Vectors containing appropriate DNA sequences as described above and appropriate promoter or control sequences can be used to transform appropriate host cells to enable expression of proteins.

The host cell can be a prokaryotic cell, such as a bacterial cell; a lower eukaryotic cell, such as a yeast cell; or a higher eukaryotic cell, such as a mammalian cell. Representative examples include: bacterial cells of Escherichia coli, Bacillus subtilis, and Streptomyces; fungal cells such as Pichia pastoris and Saccharomyces cerevisiae cells; plant cells; insect cells of Drosophila S2 or Sf9; CHO, NS0, COS7, or 293 cells animal cells etc. In a preferred embodiment of the present invention, NK cells are selected as host cells.
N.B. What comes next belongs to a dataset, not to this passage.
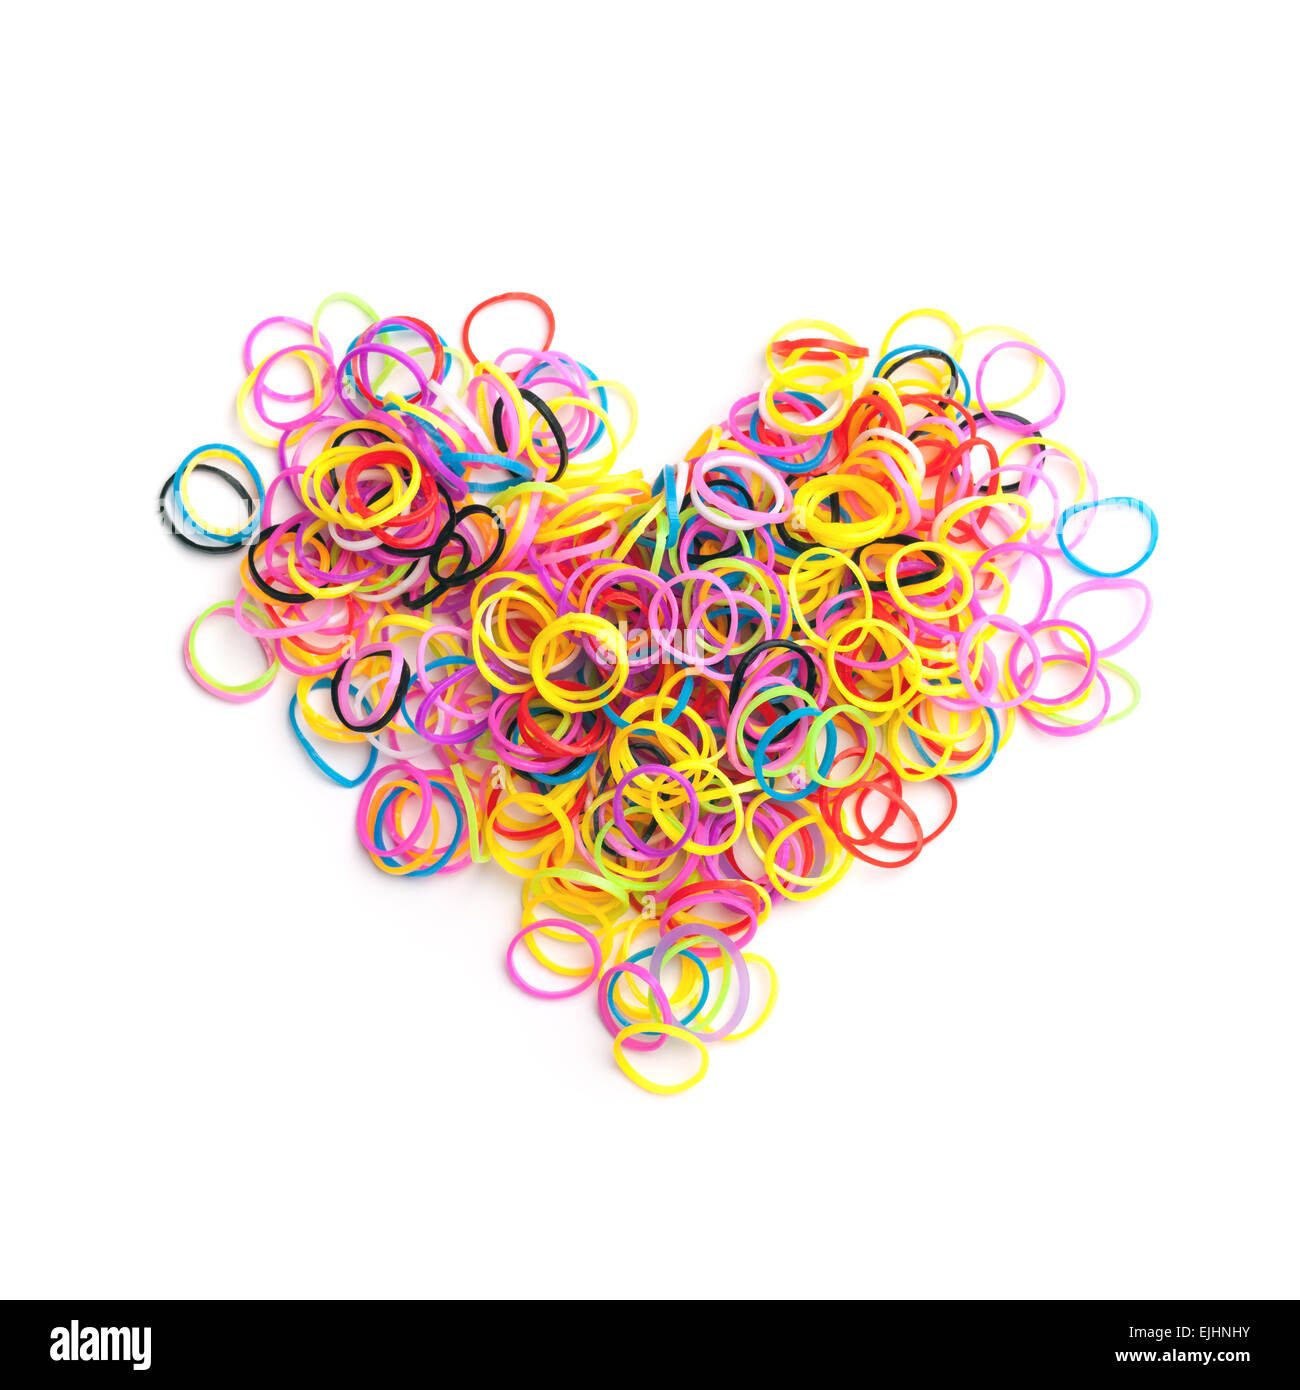 De petites bandes de caoutchouc coloré pour faire des bracelets rainbow loom en forme de coeur isolé sur fond blanc Banque D'Images

Transformation of host cells with recombinant DNA can be performed using conventional techniques well known to those skilled in the art. When the host is a prokaryotic organism such as E. coli, competent cells capable of absorbing DNA can be harvested after the exponential growth phase and treated with CaCl ₂ The procedures used are well known in the art. Another method is to use MgCl ₂ . If necessary, transformation can also be performed by electroporation. When the host is a eukaryotic organism, the following DNA transfection methods can be used: calcium phosphate co-precipitation method, conventional mechanical methods such as microinjection, electroporation, liposome packaging, etc.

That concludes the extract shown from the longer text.